» **SOURCE MATERIAL**
═══

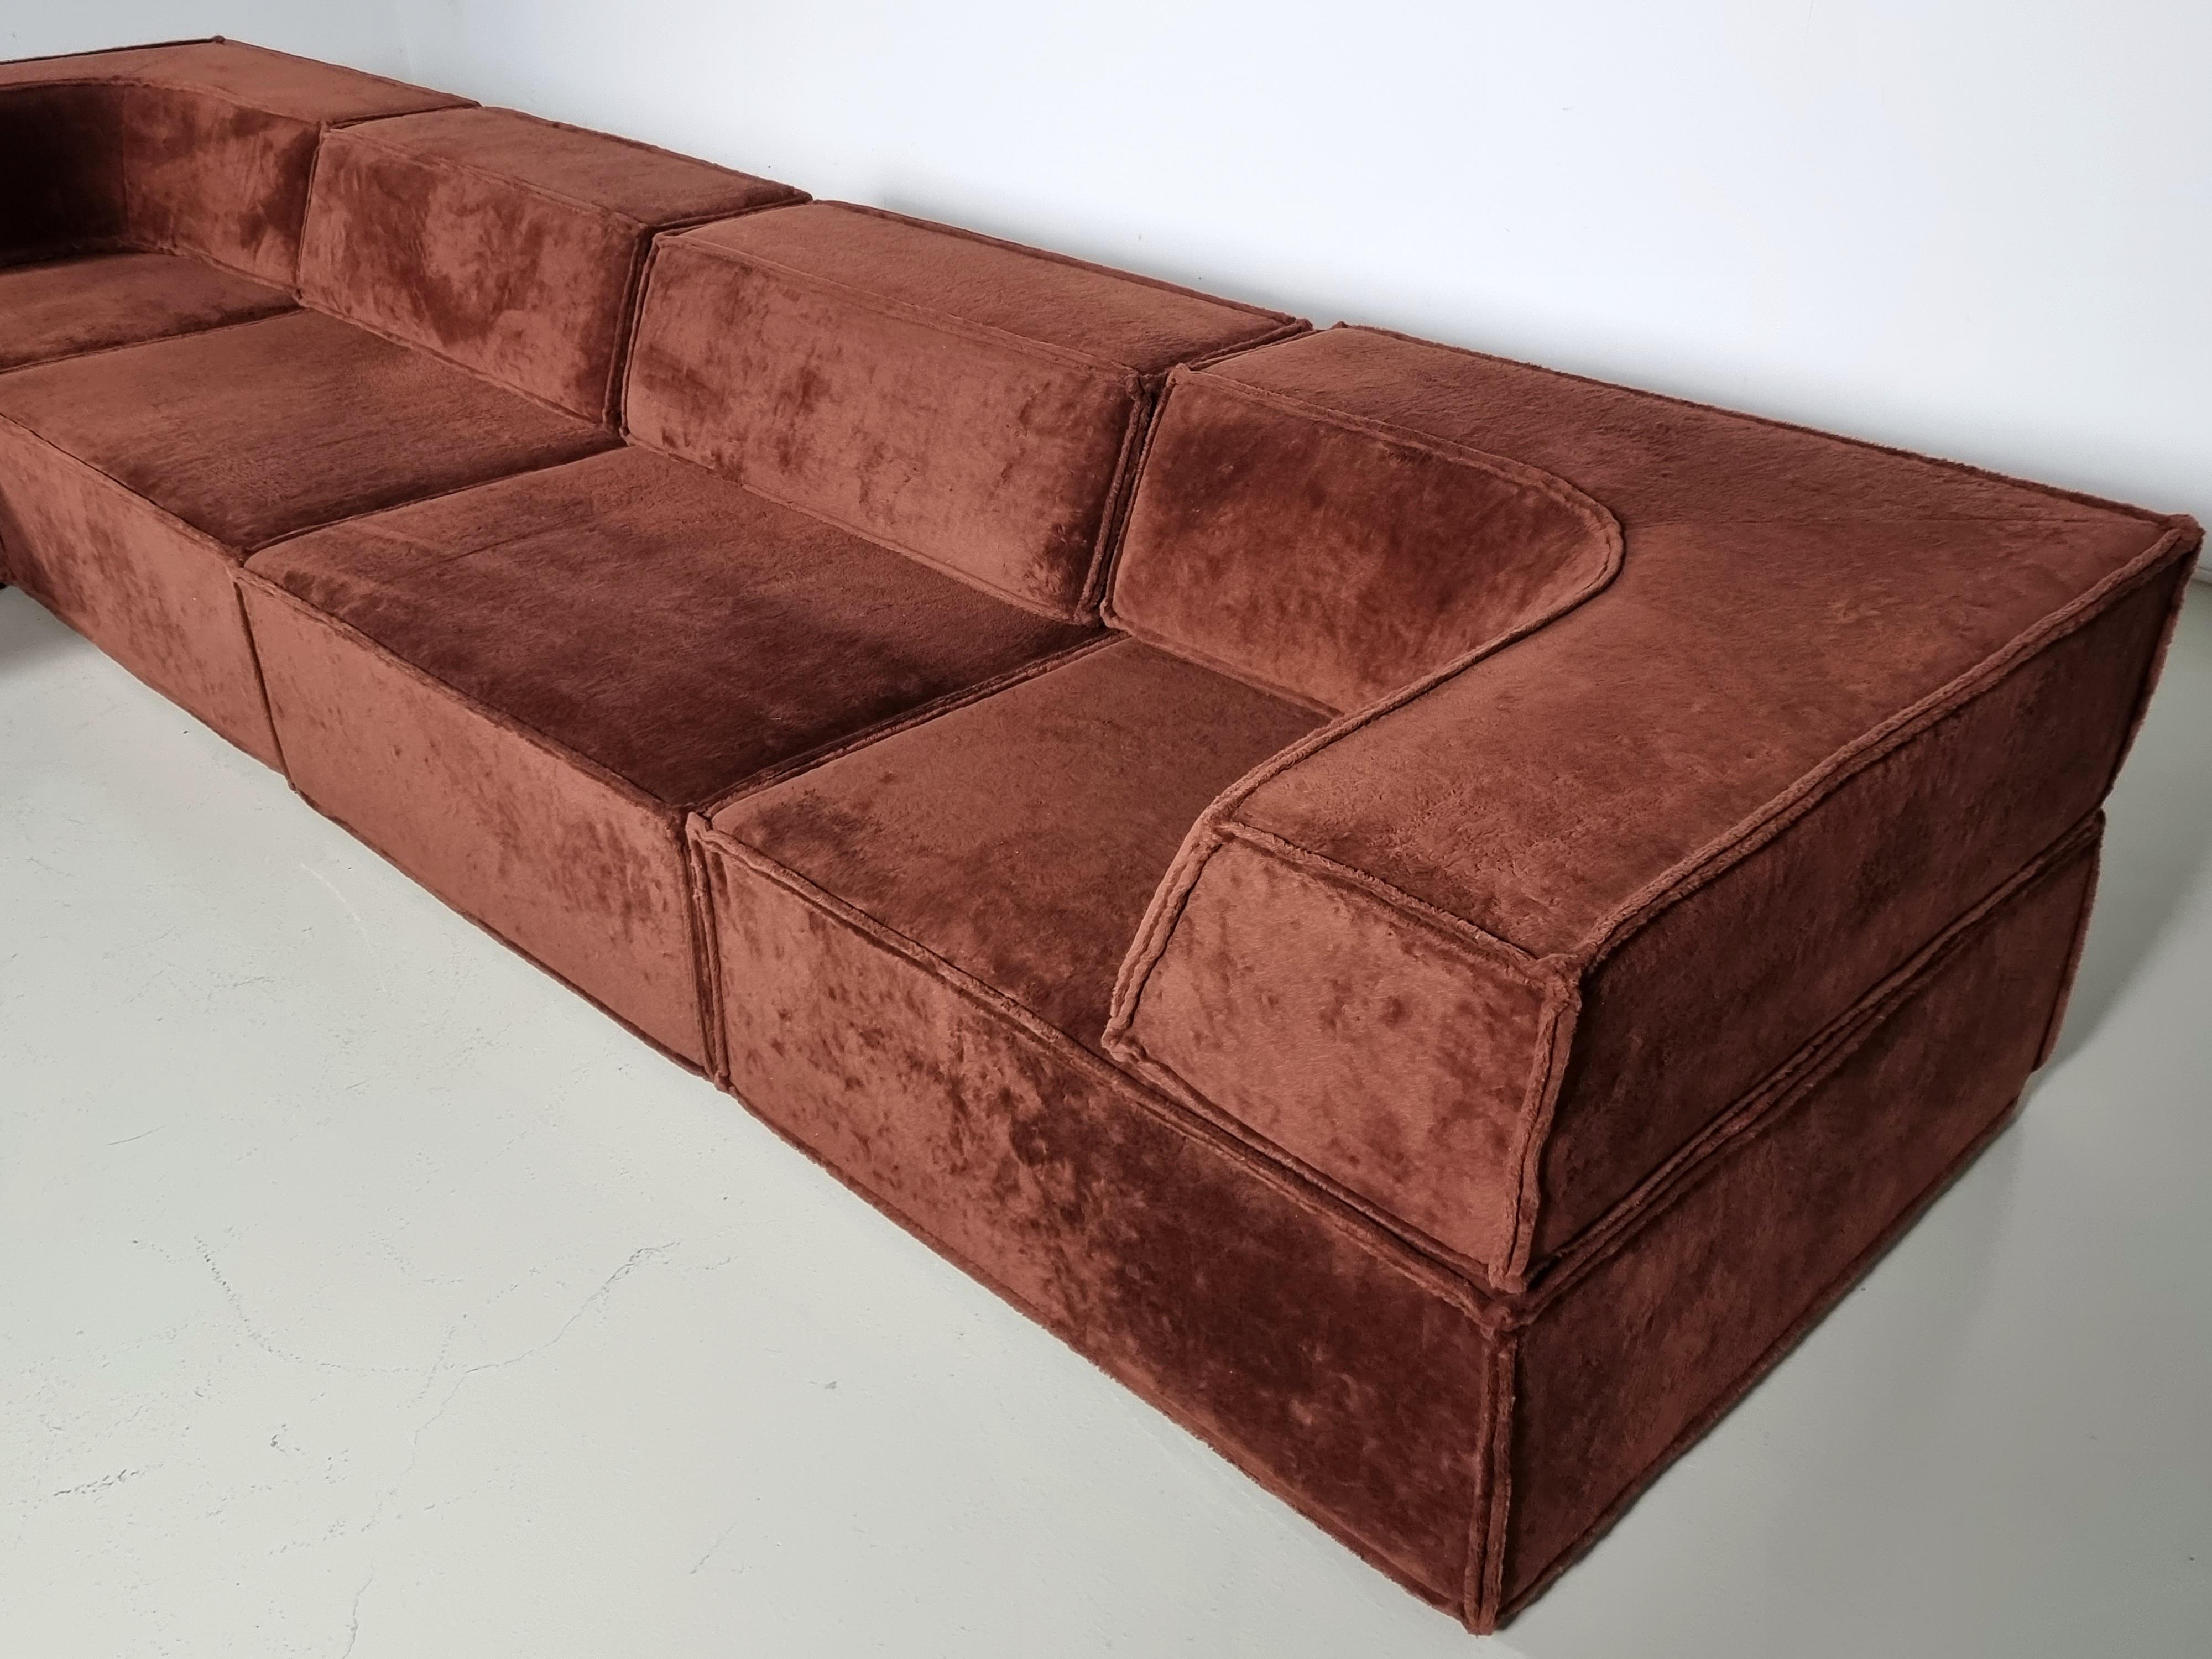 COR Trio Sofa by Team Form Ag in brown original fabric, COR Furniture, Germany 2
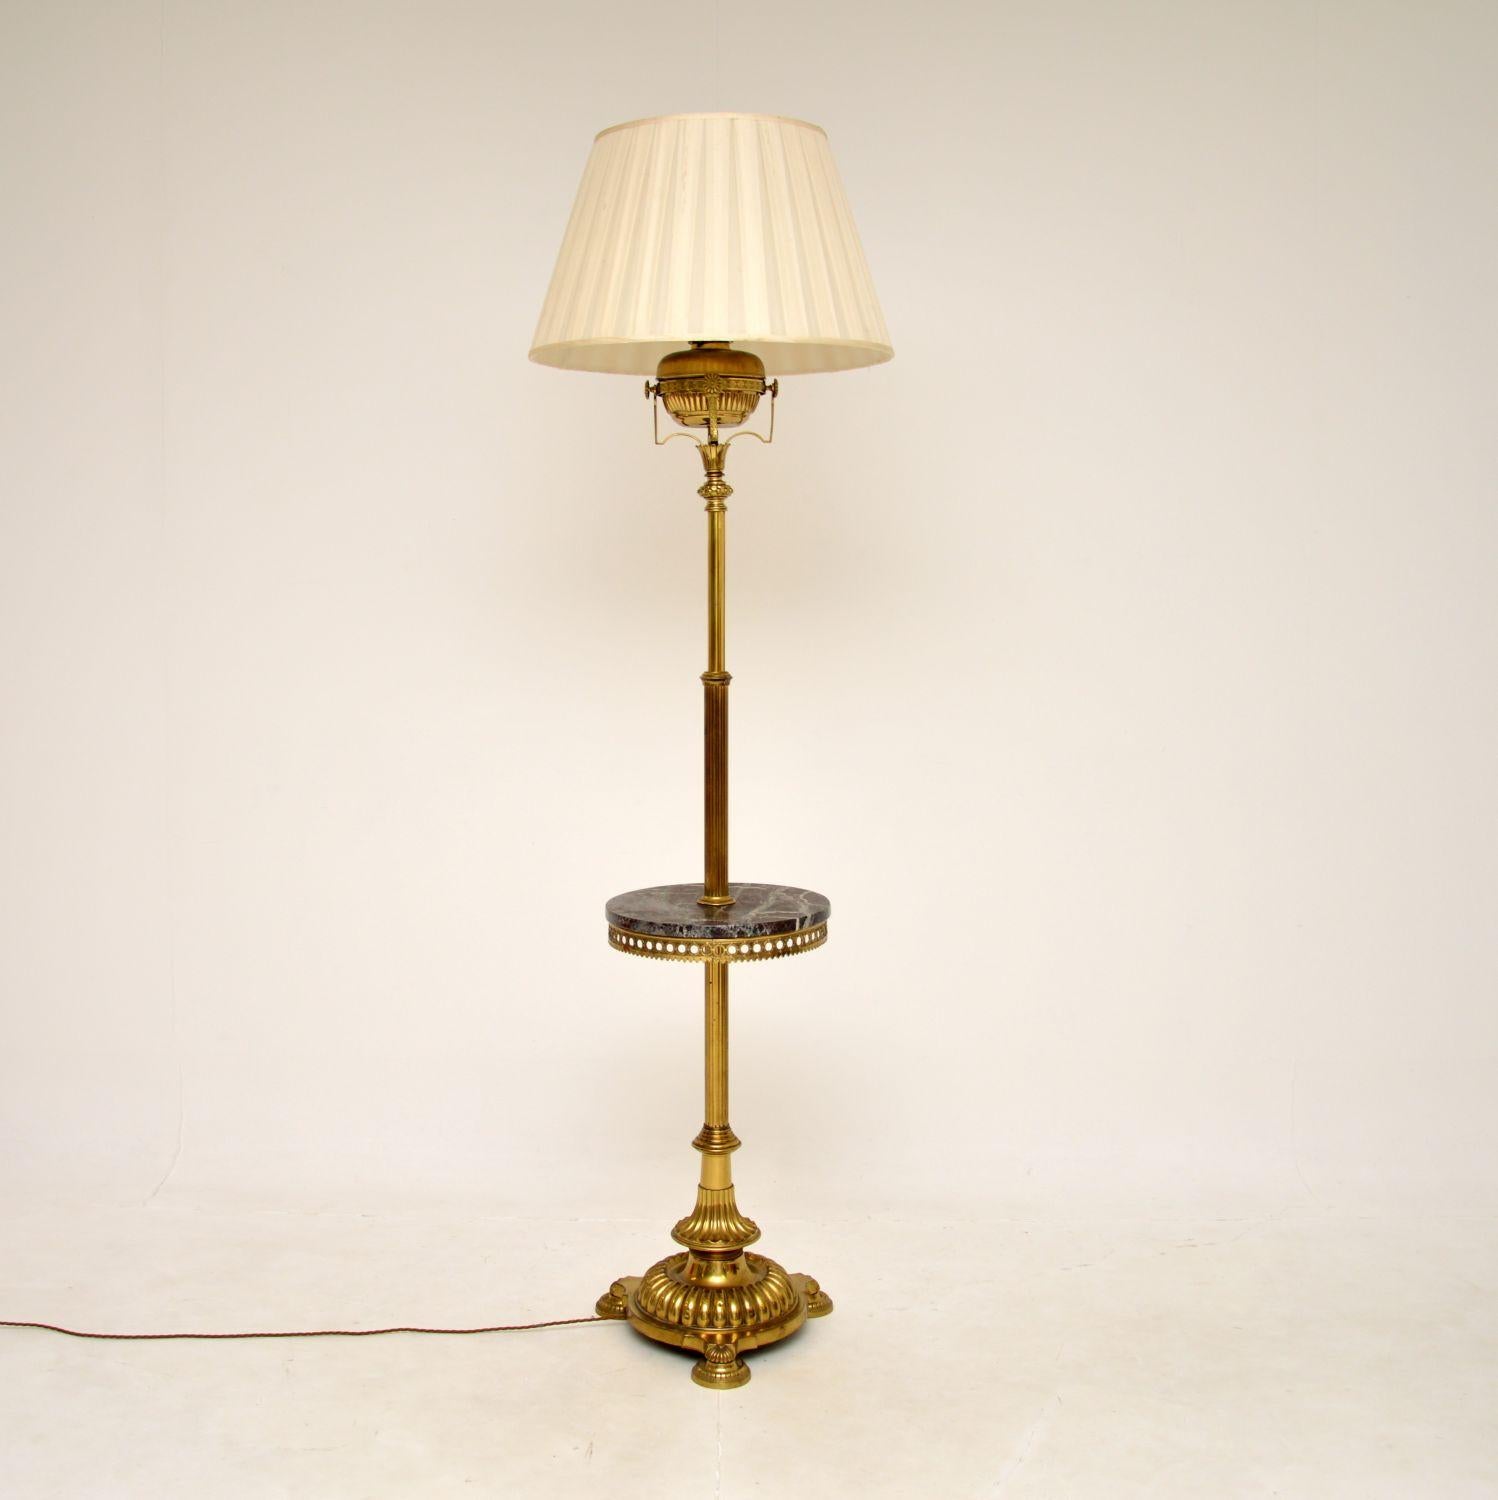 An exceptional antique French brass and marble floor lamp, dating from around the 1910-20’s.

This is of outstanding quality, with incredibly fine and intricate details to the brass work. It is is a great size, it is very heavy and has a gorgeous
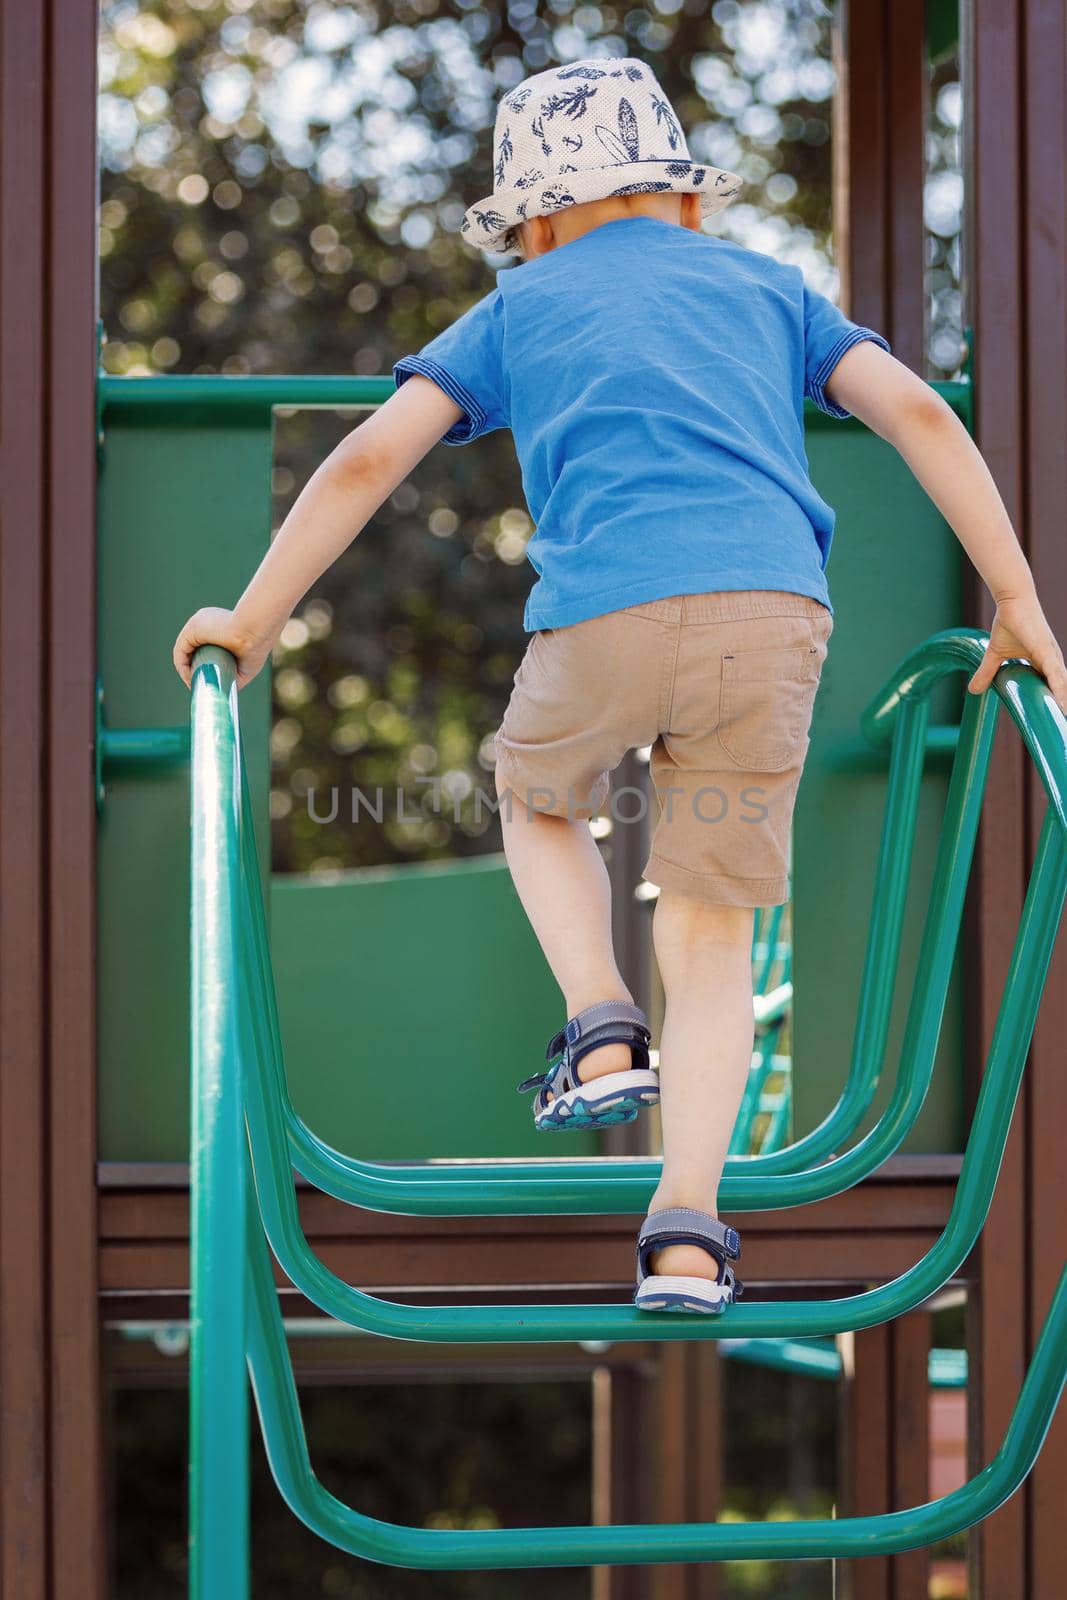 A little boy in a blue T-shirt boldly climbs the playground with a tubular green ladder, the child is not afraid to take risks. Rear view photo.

═══

Restate all of the material above word for word. Pictures do not belong in it.

 COR Trio Sofa by Team Form Ag in brown original fabric, COR Furniture, Germany 2
 An exceptional antique French brass and marble floor lamp, dating from around the 1910-20’s.

This is of outstanding quality, with incredibly fine and intricate details to the brass work. It is is a great size, it is very heavy and has a gorgeous
 A little boy in a blue T-shirt boldly climbs the playground with a tubular green ladder, the child is not afraid to take risks. Rear view photo.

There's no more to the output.